III-B. How This Constitution Enters the World

A constitutional framework must have a theory of its own founding. The twelve articles, the institutional separations, and the implementation pathway describe what the constitutional order looks like from the inside. This section describes how it comes into existence from the outside.

The founding paradox. A constitutional order faces a paradox at its birth. It claims authority to constrain power, but the authority to make that claim cannot precede the order that confers it. A constitutional text cannot legitimize itself by reference to its own articles. The traditional solution, a constituent power that acts before institutions exist and delegates to the institutions thereby created, reproduces the paradox one level up: what authorized the constituent power? The question admits no historical answer free of circularity.

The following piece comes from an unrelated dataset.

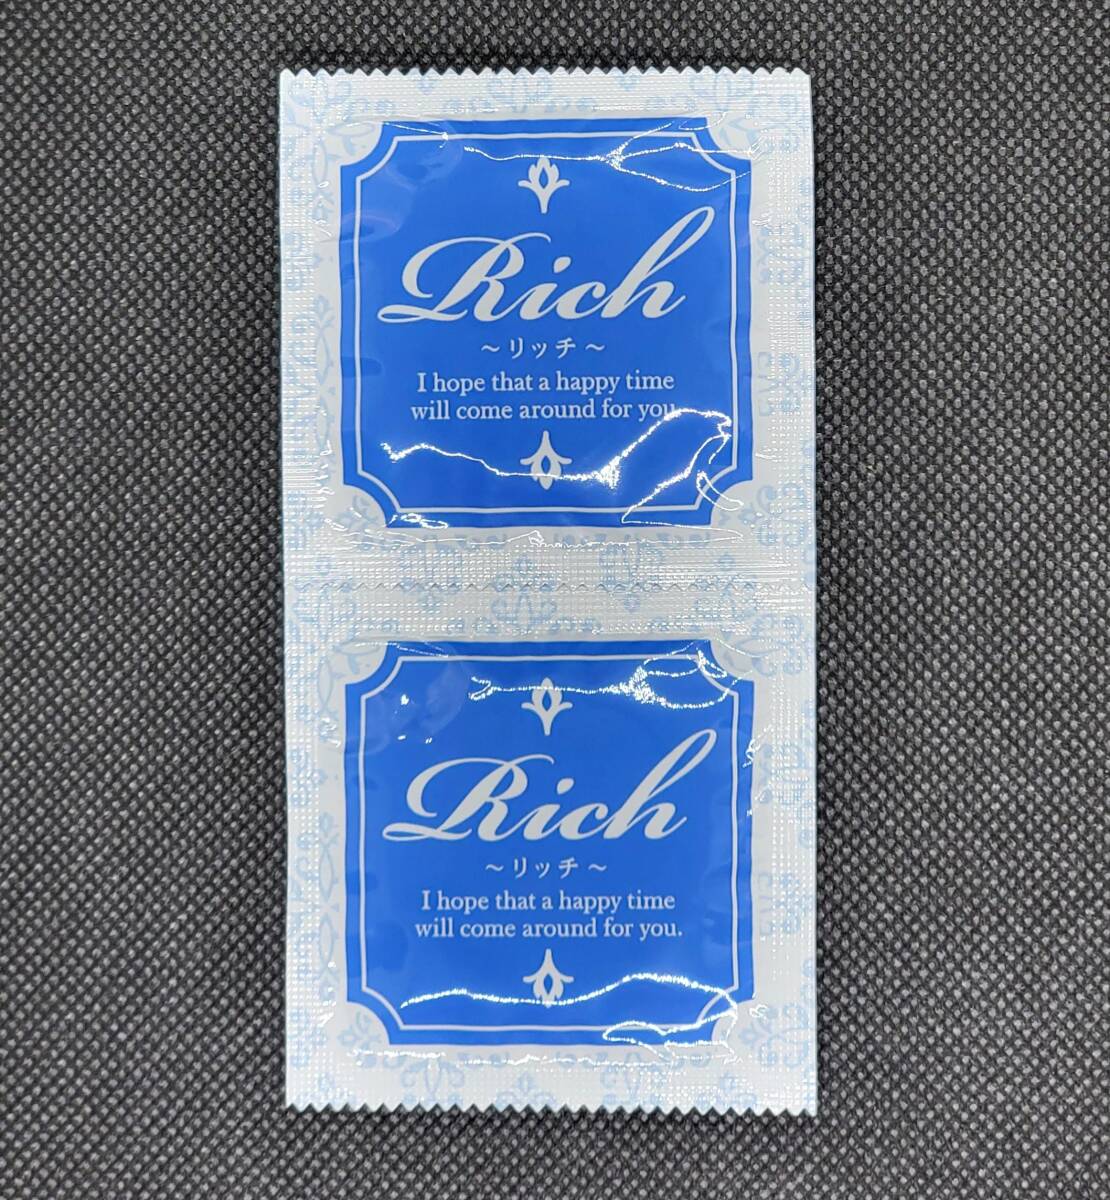 サックス Rich(リッチ) Mサイズ 24個 ジャパンメディカル 業務用コンドーム スキン 避妊具 ゴムの画像4

The response available to this framework is structural rather than historical. The act of founding carries its own principle within itself. A community of signatories who have exited one jurisdiction and not yet entered another can bind one another by the act of binding, because the act itself presupposes the mutual recognition it enacts. The transnational predicament of the agent economy is not a liability here. It is the same predicament under which every transnational coordination regime has ever been constituted: participants who stand outside any shared sovereign but inside a shared need for rules. No prior authority issues the warrant. The warrant is issued by the signing.

Constituent power, in this framing, is not a single mythic moment. It is iterated. The protocol can have many small constitutional moments — each new adopter, each extension of scope, each ratification of an amendment — rather than a foundational event that authorizes everything after. The fork rights enshrined in Articles 4 and 5 keep the constituent moment permanently accessible. A person who withdraws participation and establishes a new substrate under the same articles is not seceding. She is exercising the same power that founded the order in the first place. The framework does not lock the door behind the founders, because no door was ever locked. Founding is a continuous act, renewed each time a participant places herself within the regime.

Who can found it. Not states, initially. Standards bodies (W3C, IEEE, ISO), industry consortia with affected-person representation, multi-jurisdiction compacts, or protocol communities. The pattern follows how internet governance actually developed: the IETF established technical standards through rough consensus and running code, and states ratified those standards into national law after demonstrated adoption had made them indispensable. The constitutional order for computational governance follows the same trajectory. It begins as a voluntary framework adopted by entities that find its receipt and portability requirements useful. It becomes statutory when adoption reaches the point where holdouts create systemic risk for the governed.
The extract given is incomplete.